Now we have a bankruptcy examiner's report on Lehman's demise, which depicts a recklessly managed (or mismanaged, to be precise) firm on a hedge fund-like leverage rampage that artfully (in the Dickensian sense of the term) presented itself as an investment bank. Prominent among Lehman's shenanigans was the sly use of British repo transactions to sweep some of its leverage under the carpet at the ends of quarterly financial reporting periods in order reduce the firm's apparent leverage. Now that this stink bomb has exploded, a lot of former high ranking Lehman executives are denying knowledge of these British repos (called "Repo 105s") or not commenting. The auditors insist they did an acceptable job, although it appears they knew of the allegations of a whistleblower. And one can only wonder if, at its meetings, the board was focused on what would be served for lunch instead of the financial condition of the firm.
The press and blogosphere are now swarming the potential culprits like packs of ravenous wolves with litters to feed. Blame is being avidly and abundantly cast. Very possibly, it is well-deserved.
Perhaps, though, along with the zestful mud-slingarama, we should consider whether anyone comes out looking a little better. Maybe Hank Paulson and Ben Bernanke weren't so far off the mark. With what we now know about Lehman's true financial condition, we can see that a bailout would have been much more expensive than it seemed at the time Lehman collapsed. Outrage over bailing out undeserving Wall Street executives would have been all the more magnified if the shameless gamblers at Lehman had received the munificence of taxpayers.

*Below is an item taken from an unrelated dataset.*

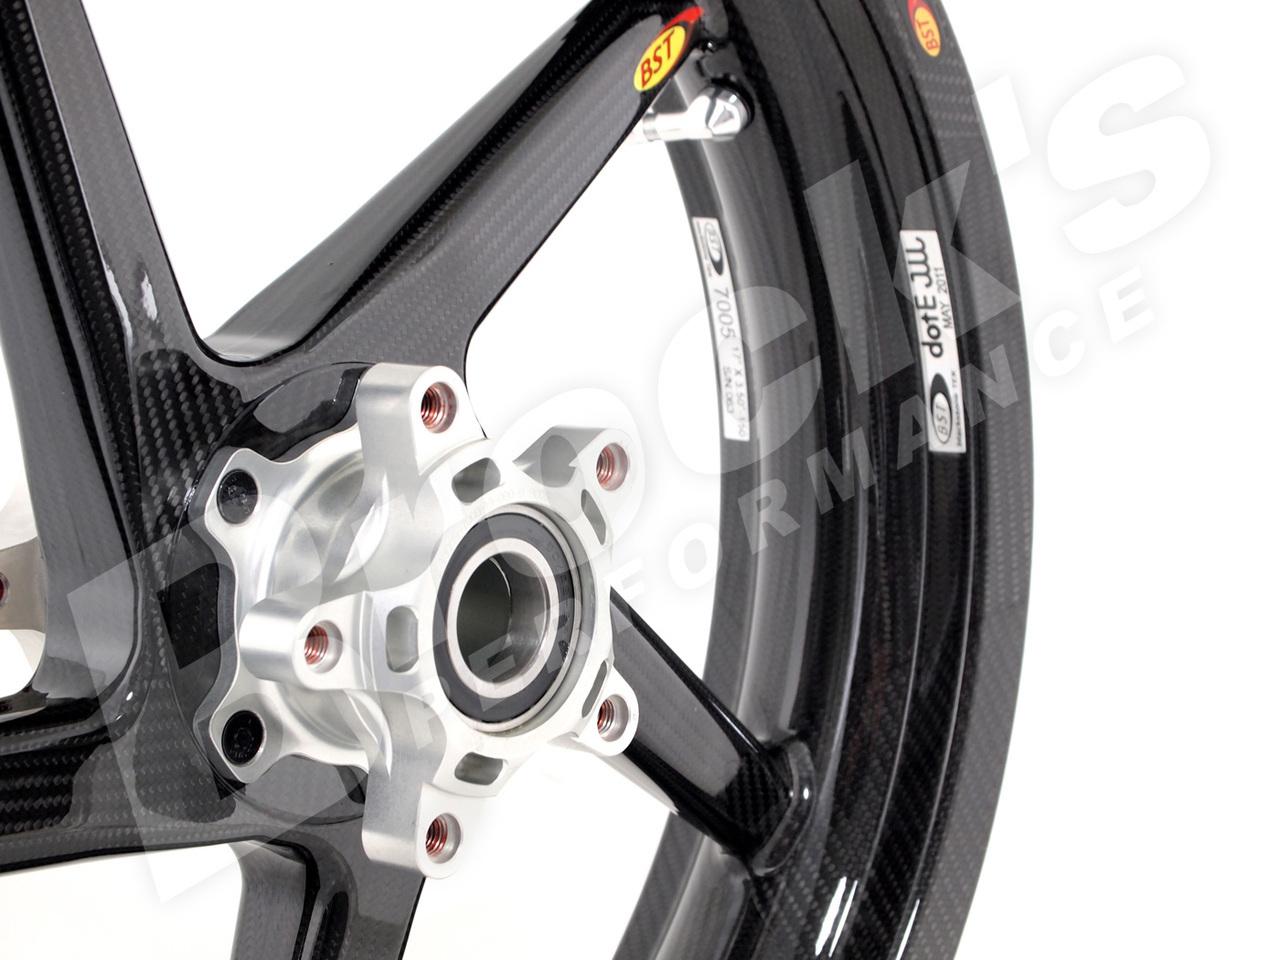 BST Diamond TEK 17 x 3.5 R+ Series Front Wheel - Suzuki GSX-R1000 (05-08) / GSX-R600/750 (06-07)

The chattering classes would have fulminated about immoral levels of moral hazard and the witlessness of the government allowing potential wrongdoers (top executives, board members and auditors) to live to fail another day.
It doesn't necessarily follow that a Lehman bailout would have precluded the need to bail out AIG. Perhaps, a bailout would have encouraged AIG to extend its leverage even more in the hope of trading its way out of trouble, like the losing gambler who goes in for a dollar after losing a dime. That strategy could have easily led to mega-disaster in the volatile markets of 2008. Then the taxpayers would have been taken to the cleaners even more than they were.
Did Hank Paulson have an inkling of what Lehman was up to? After all, he would have had access to the top levels of Wall Street, and it's quite possible that others on the Street sensed, if not knew, what was going on at Lehman. Did Chairman Bernanke field enough phone calls from Wall Street execs to get the picture? We may never know for sure everything that Paulson and Bernanke knew, heard, sniffed out or suspected. But, in the interest of Monday morning quarterbacking government officials fairly, let us consider that their decision not to extend the generosity of taxpayers to a bunch of rascals really wasn't all that bad. Indeed, had Lehman not gone into bankruptcy, we wouldn't have the comprehensive examiner's report to provide a better picture of how inept risk management in the financial system has been, and why financial regulatory reform, still stalled in Congress, remains desperately needed.